These children don't live on a Pacific island. They live in the middle of a city, where they will have to get by with others outside their family. Pretending those people don't exist is cruel. The fact that a 5 year old doesn't want to go to school and be with other children his age because he is afraid that they won't accept him is pathetic and nothing to be proud of. Keeping the child at home and "unschooling" him isn't any better.

Humans are social animals that live in society. They need social peers to live fulsome lives. If these parents want to intentionally raise boys who go against the grain, they at least ought to find like minded families and ensure that their children have a social life outside of their own family.
12:05 AM on 05/29/2011
"The fact that a 5 year old doesn't want to go to school and be with other children his age because he is afraid that they won't accept him is pathetic and nothing to be proud of. "

That situation is pathetic, but not because of Storm's parents, but because of the other children's parents. Parents should give their children freedom to express themselves without fear of ridicule, something that few transgender children receive at school or at home. You are blaming the victim and justifying the prejudice of other people.
12:42 AM on 05/29/2011
Imagine you went to a country like Japan or a culture like that where you have no idea what's acceptable or offensive. Now imagine two scenarios, one where a friend tells you the dos and don'ts of that culture, or one where you end up angering and offending people because you are completely clueless about what's polite and impolite? Please watch the movie "Borat" some time and you will see what can happen if you have no idea what's proper.

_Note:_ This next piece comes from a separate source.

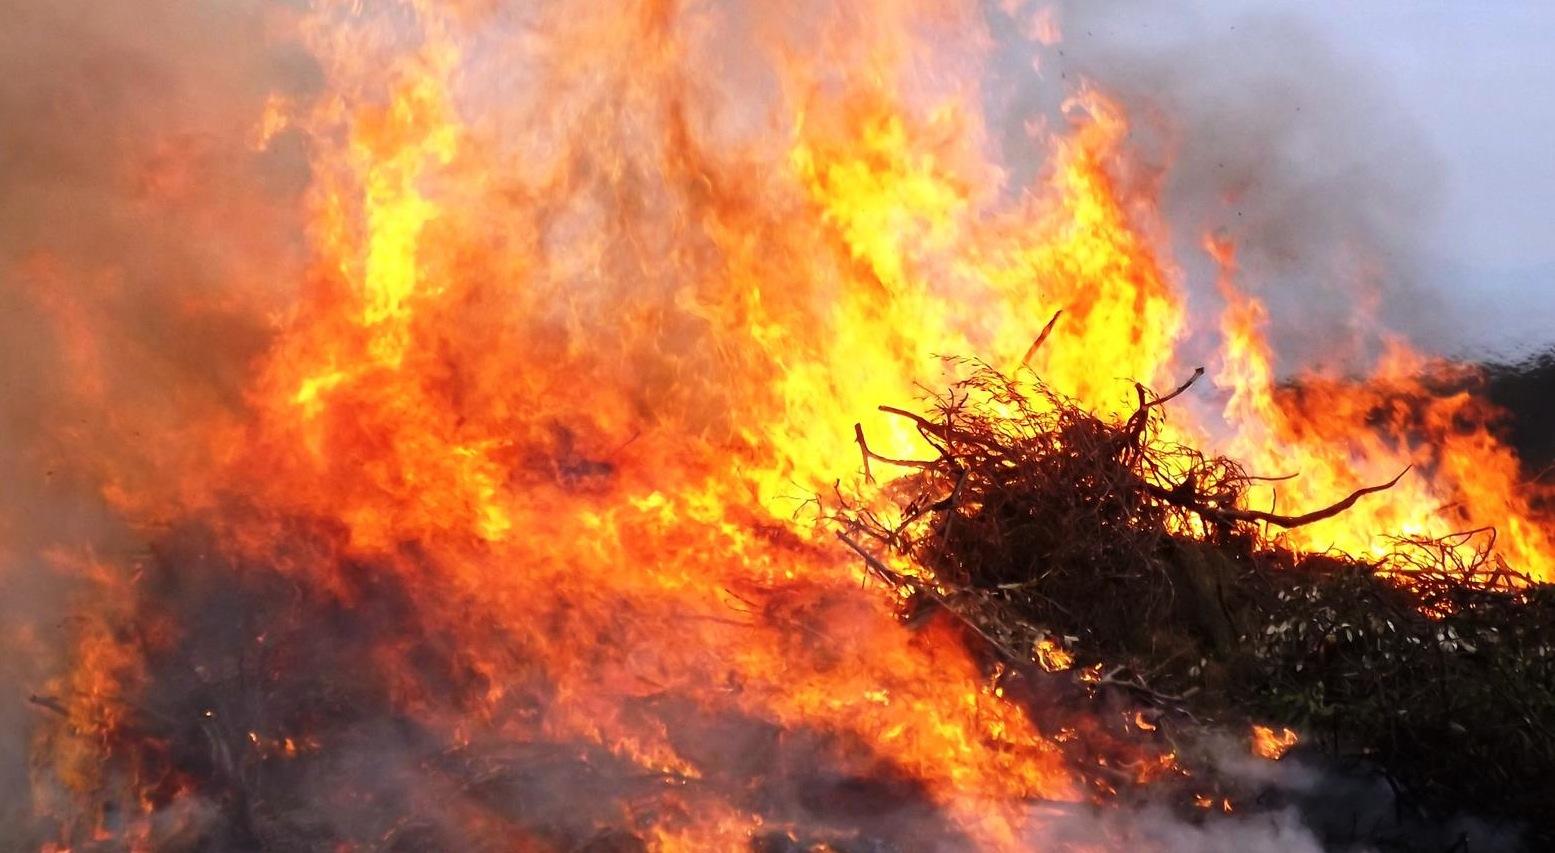 Feu de Calenzana : Un pompier blessé et de gros moyens engagés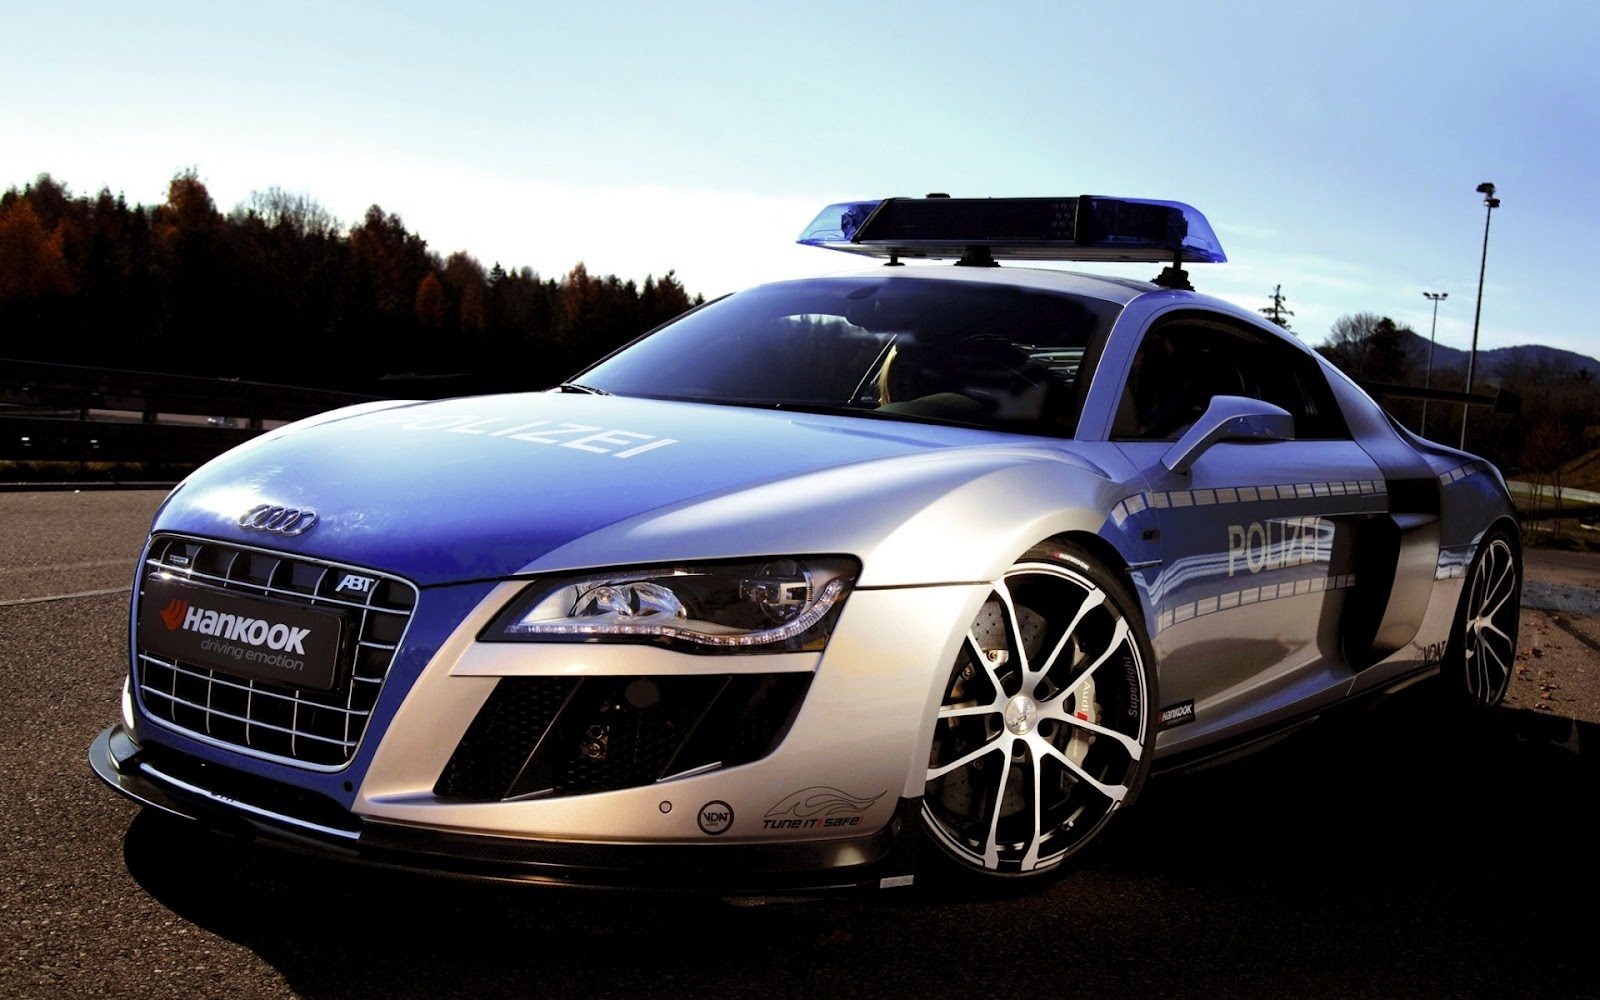 Audi R8 Wallpaper 5946 Hd Wallpapers in Cars   Imagesci 1600x1000

A parent's job is to teach a kid how to behave properly. A kid is not a miniature adult, they need an adult to guide them. For example if I walked into a ladies restroom many women would be very upset and might even press charges. Of course if you think about it a woman's bathroom is almost the same as a men's bathroom. Yet we both know that I'm not supposed to go to a ladies room, but a kid won't know this unless a parent teaches them. I just hope these kids don't have a miserable life.
11:17 AM on 05/29/2011
So, by this argument, we ought to program all our children with the prejudice ignorance and bigotry of EVERY country so that the child will never feel they're not part of any society they might ever become part of.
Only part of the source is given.